Wednesday, December 3, 2008
This is a behind the scenes look at the Forum '08-'09 ad shoot, where snowboarding and Hollywood were brought together. I'd wanted to do a shoot like this for some time. My gaffer, Mark McClanahan, hooked us up with a 4-ton grip truck for the shoot. He told me that we had about 1 million dollars worth of lighting and camera gear from Briese Lighting in L.A. We needed four additional photo assistants to manage all the stuff. Everyone from the Forum marketing department was also on hand to help with production and lightbox setup.

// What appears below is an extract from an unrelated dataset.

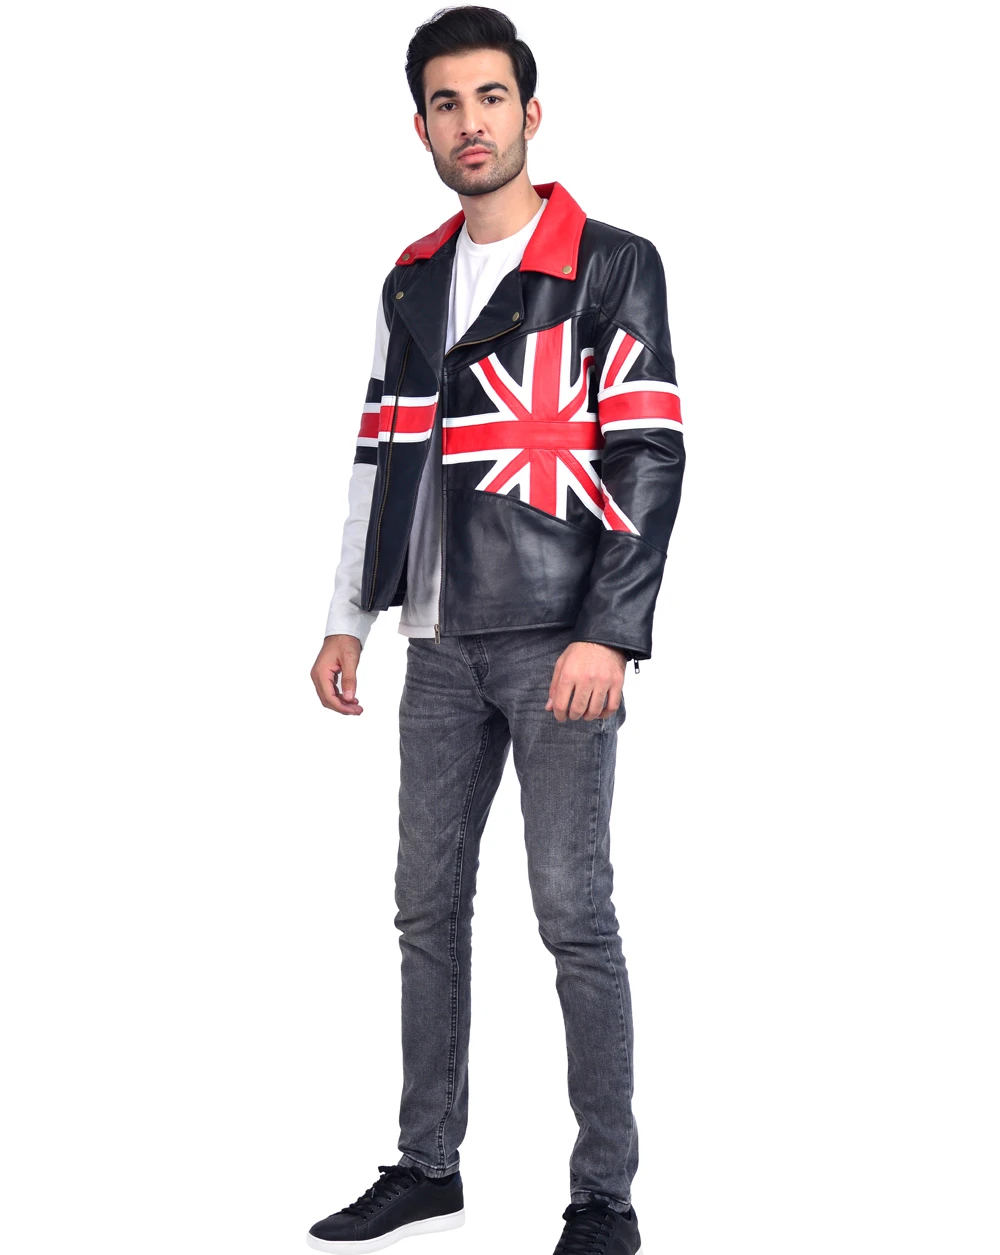 Union Jacket British Biker Leather Jacket

When we got to Northstar there was hardly any snow left because it was so late in the season. I don't know how they pulled it off, but the Northstar park staff were some of the best, and hardest working people I've ever worked with. The most amazing part of the whole shootwas that we had twenty-five people on set, working eighteen hour days five days in a row to make this happen. They were all there because they believed in this project and in my vision. I would like to thank everyone who was involved for making the dream a reality.
Monday, December 1, 2008
I took these while traveling through Arizona. Lightning is one of the most powerful natural forces in the world. I could sit and watch it all day. Imagine the possibilities if someone could develop a light that would produce the same beautiful light, but on a much smaller scale.